DETROIT (AP) — Shareholders of Tesla voted on Thursday to reinstate CEO Elon Musk’s $44.9 billion pay package, which was previously invalidated by a Delaware judge earlier this year.
The exact vote totals were not immediately announced. Even with the favorable vote, it does not guarantee that CEO Musk will receive the all-stock compensation in the near future. The package is expected to be held up in the Delaware Chancery Court for several months as Tesla appeals the initial rejection.
In a ruling back in January, the court determined that Musk had significant control over the Tesla board when the package was approved in 2018. Additionally, it concluded that shareholders who approved the package were not fully informed about it at the time.
Although Tesla has stated that it plans to appeal the ruling, they requested shareholders to reapprove the package during the company’s annual meeting in Austin, Texas.
THIS IS A BREAKING NEWS UPDATE. AP’s earlier story follows below.
At Tesla’s annual meeting, shareholders are making decisions about the future of the electric vehicle company, including a vote on whether to reinstate CEO Elon Musk’s substantial pay package, which was previously rejected by a Delaware judge.
Following a regulatory filing by Tesla, the company’s stock prices rose on Thursday, indicating that stockholders were likely to approve Musk’s $44.9 billion compensation package by a considerable margin.
The filing, submitted to the U.S. Securities and Exchange Commission, included Musk’s own social media posts from X, his platform, showing charts suggesting strong shareholder support for his compensation package and a proposal to relocate Tesla’s legal headquarters from Delaware to Texas.
The vote follows a decision by a Delaware judge in January to invalidate the pay package.

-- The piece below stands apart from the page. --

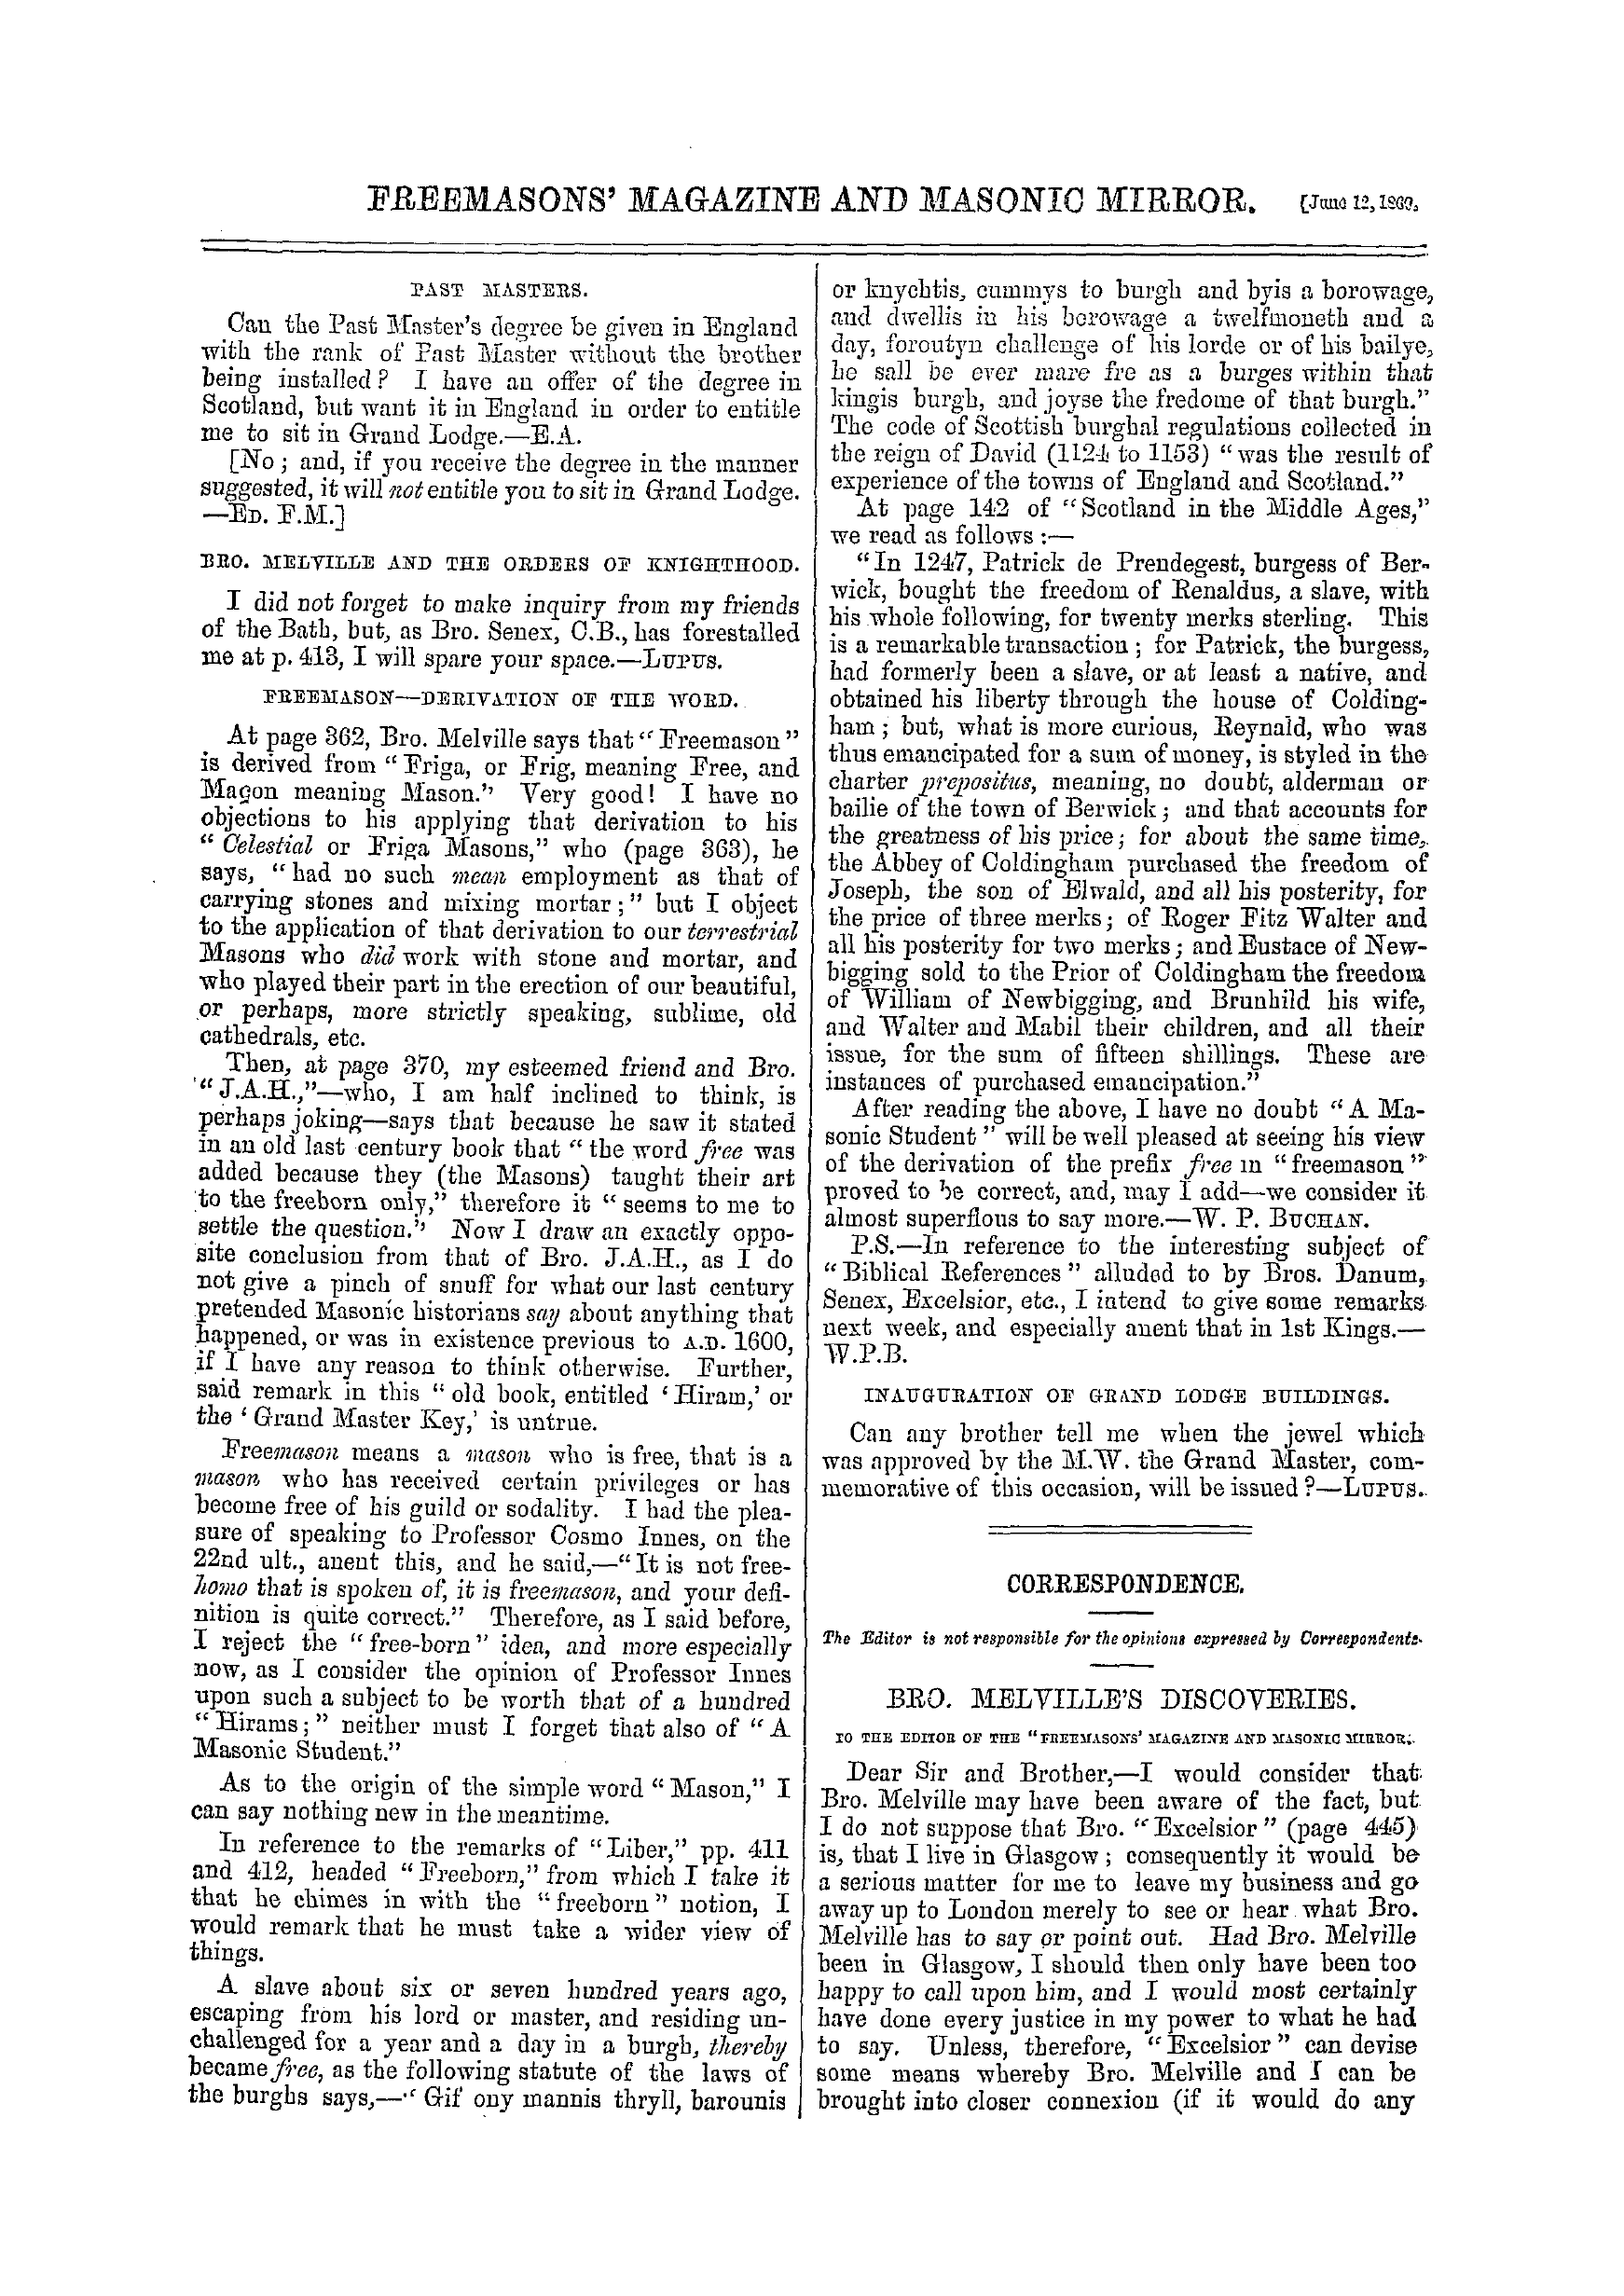 The Freemasons' Monthly Magazine: 1869-06-12 - Correspondence.

Judge Kathaleen St. Jude McCormick found that Tesla had misled shareholders when the all-stock compensation was originally approved in 2018, ruling that Musk is not entitled to the significant package, which was valued at nearly $56 billion before a drop in stock value earlier this year.
The release of vote totals while the ballot is still open could lead to issues for Tesla, which may explain why the company made the filing with the SEC for further investigation.
Shareholders still have the opportunity to cast their votes online and in person at the annual meeting in Austin, where they also have the option to change their initial votes.
Charles Elson, a retired professor specializing in corporate governance, noted that sharing vote totals before balloting ends is highly uncommon and could influence the outcome of the vote.
Legal expert Erik Gordon mentioned potential legal scrutiny arising from Musk’s social media posts and emphasized the importance of accuracy in such statements to avoid any securities law violations.
As of market close on Thursday, Tesla’s stock prices were up by nearly 3% at $182.47, although they are down about 25% for the year.
If Musk’s pay package is approved, it would solidify his position at Tesla, the leading electric vehicle company. However, any rejection could lead to consequences such as shifting AI research to other companies or even Musk stepping away from Tesla.
Amid uncertainties, Musk has continued to push for his pay package and has expressed intentions to pursue AI development elsewhere if his demands are not met. Nevertheless, early indications suggest that shareholders also support relocating Tesla’s legal headquarters to Texas, a move intended to avoid Delaware court oversight and the prior ruling by Judge McCormick.
Several institutional investors have opposed the substantial payout, citing various concerns such as falling sales, price fluctuations, and declining stock value. Despite this, Tesla’s top five institutional shareholders did not disclose their voting intentions or declined to comment, collectively holding about 17% of the votes.
One vocal opponent of Musk’s pay package is California’s State Teachers Retirement System, which criticized the size of the award and its dilutive effect on shareholders’ interests. Additionally, shareholder advisory firms ISS and Glass Lewis have recommended voting against the package.
Tesla and Musk have engaged in an extensive lobbying effort to garner support for the pay package, utilizing social media, television appearances, and SEC filings to convey their arguments to shareholders.
In a letter to shareholders, Tesla Chairwoman Robyn Denholm highlighted the significance of Musk’s contributions to the company and its stockholder value, urging approval of the package that was initially backed by 73% of shareholders six years ago.
If Tesla proceeds with relocating its legal headquarters to Texas prior to finalizing the vote on Musk’s pay package and manages to secure approval, the impact of the Delaware court ruling could potentially be mitigated. The package reapproval could then occur under Texas jurisdiction.
Legal experts anticipate Tesla’s appeal of Judge McCormick’s ruling to the Delaware Supreme Court for further review and resolution of the ongoing compensation dispute.